>>

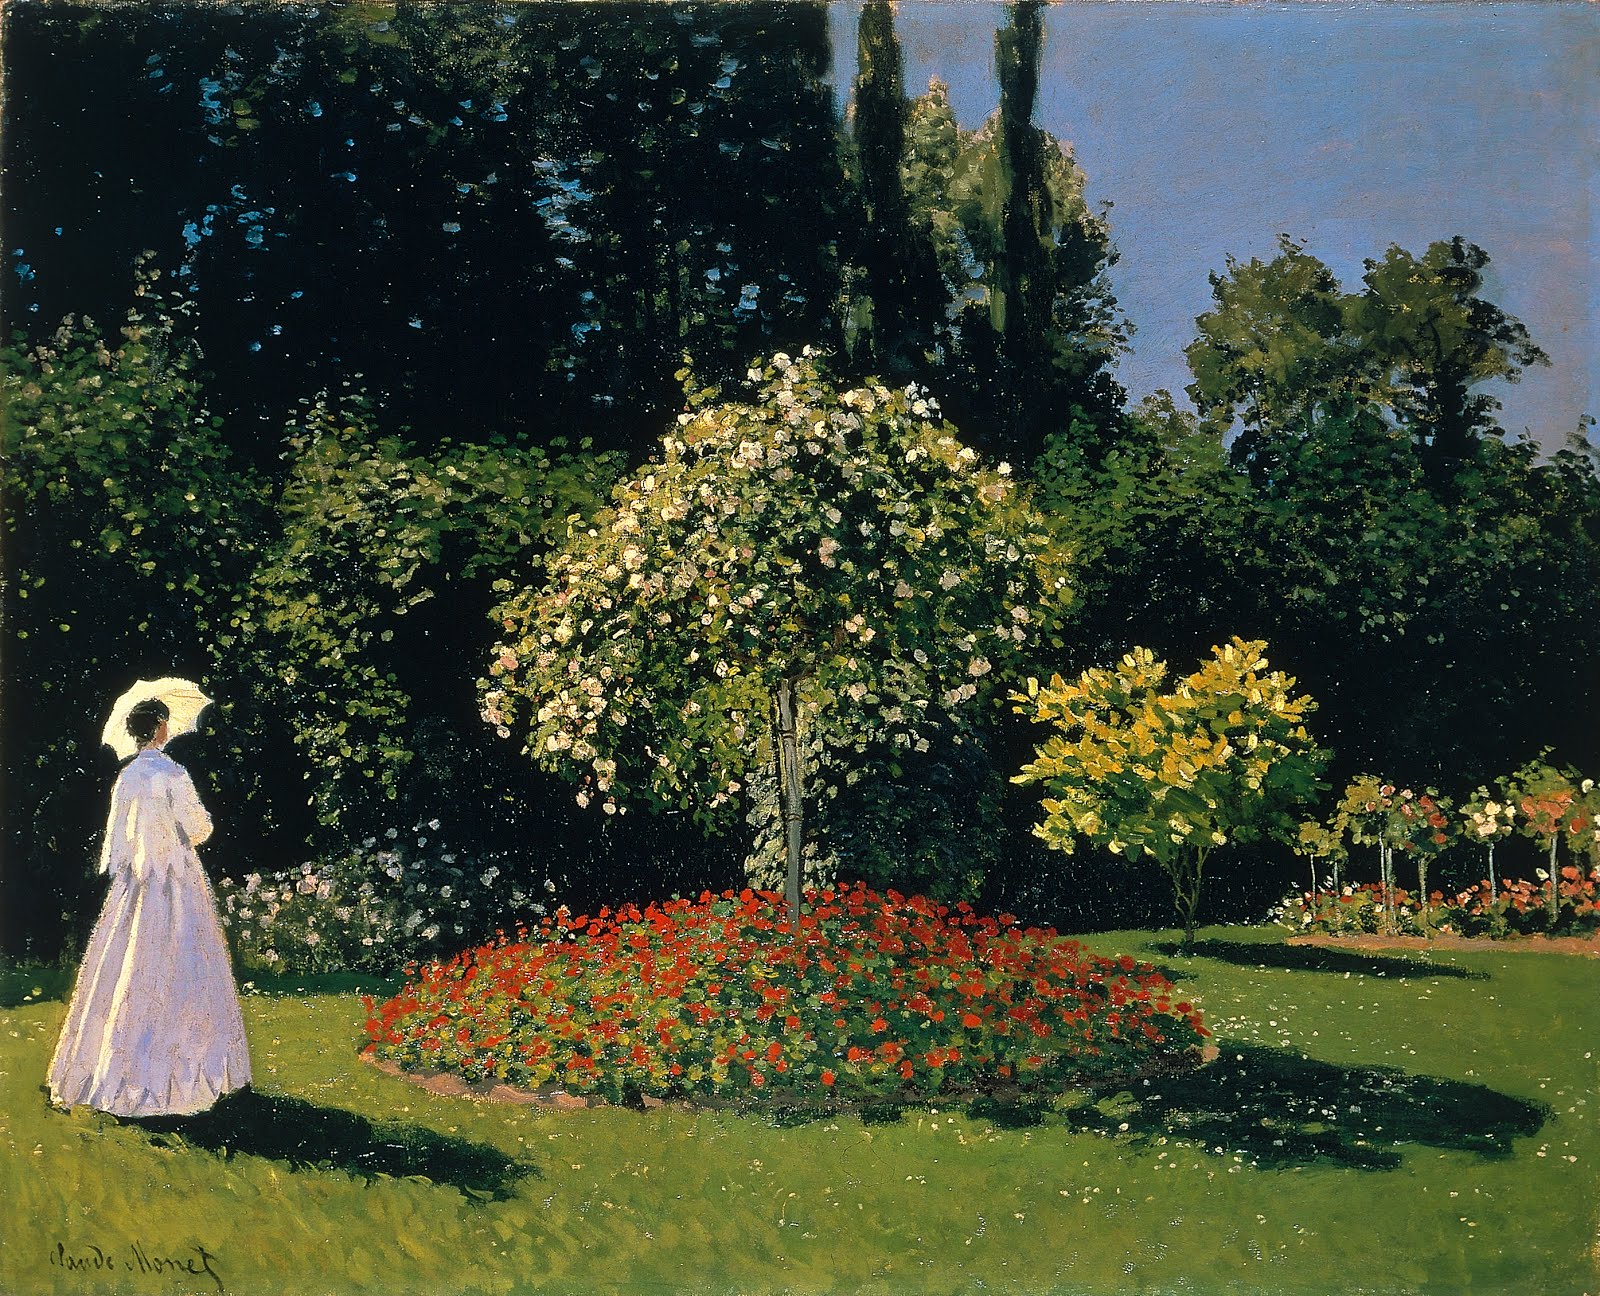 Monet, Poet of Light and
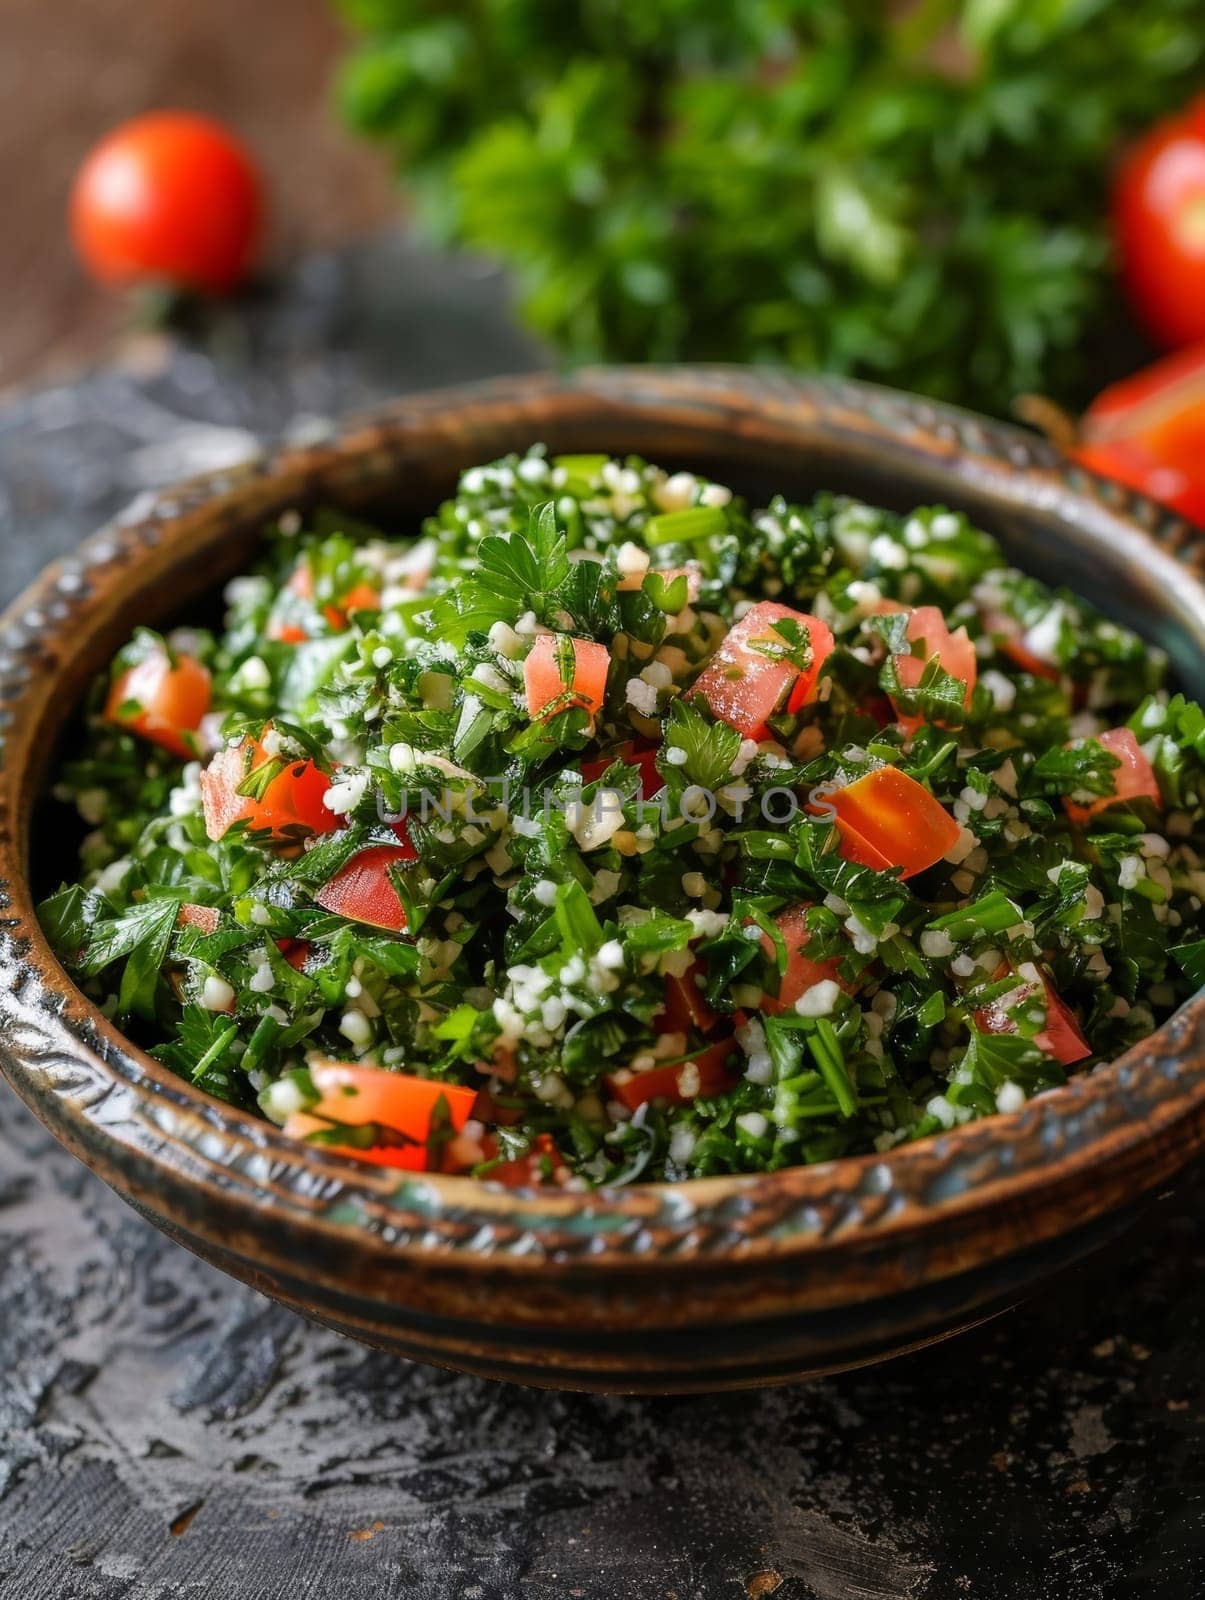 A vibrant and fresh Lebanese tabbouleh salad, featuring finely chopped parsley, ripe tomatoes, and nutty bulgur wheat, presented in a small bowl for a healthy and authentic Middle Eastern culinary. by sfinks
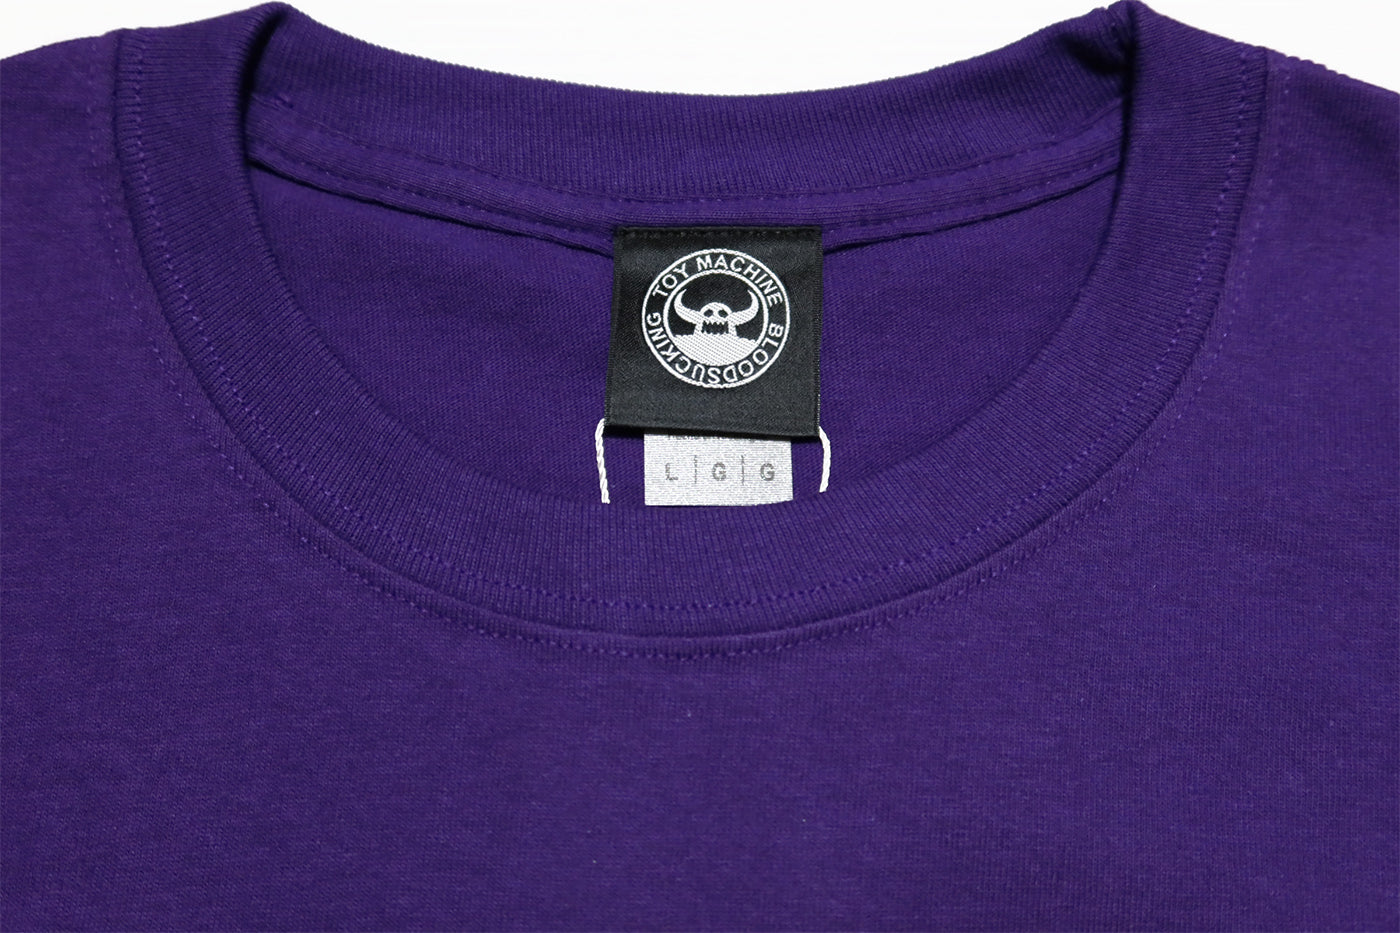 TOY MACHINE Toy Machine Long Sleeve T-Shirt SECT ARM EMBROIDERY Embroidery Print Long T TMPBLT2 Purple

<<

Exercise
With images left out, the data must be transcribed exactly.

Written solution
 Monet, Poet of Light and
 A vibrant and fresh Lebanese tabbouleh salad, featuring finely chopped parsley, ripe tomatoes, and nutty bulgur wheat, presented in a small bowl for a healthy and authentic Middle Eastern culinary. by sfinks
 TOY MACHINE Toy Machine Long Sleeve T-Shirt SECT ARM EMBROIDERY Embroidery Print Long T TMPBLT2 Purple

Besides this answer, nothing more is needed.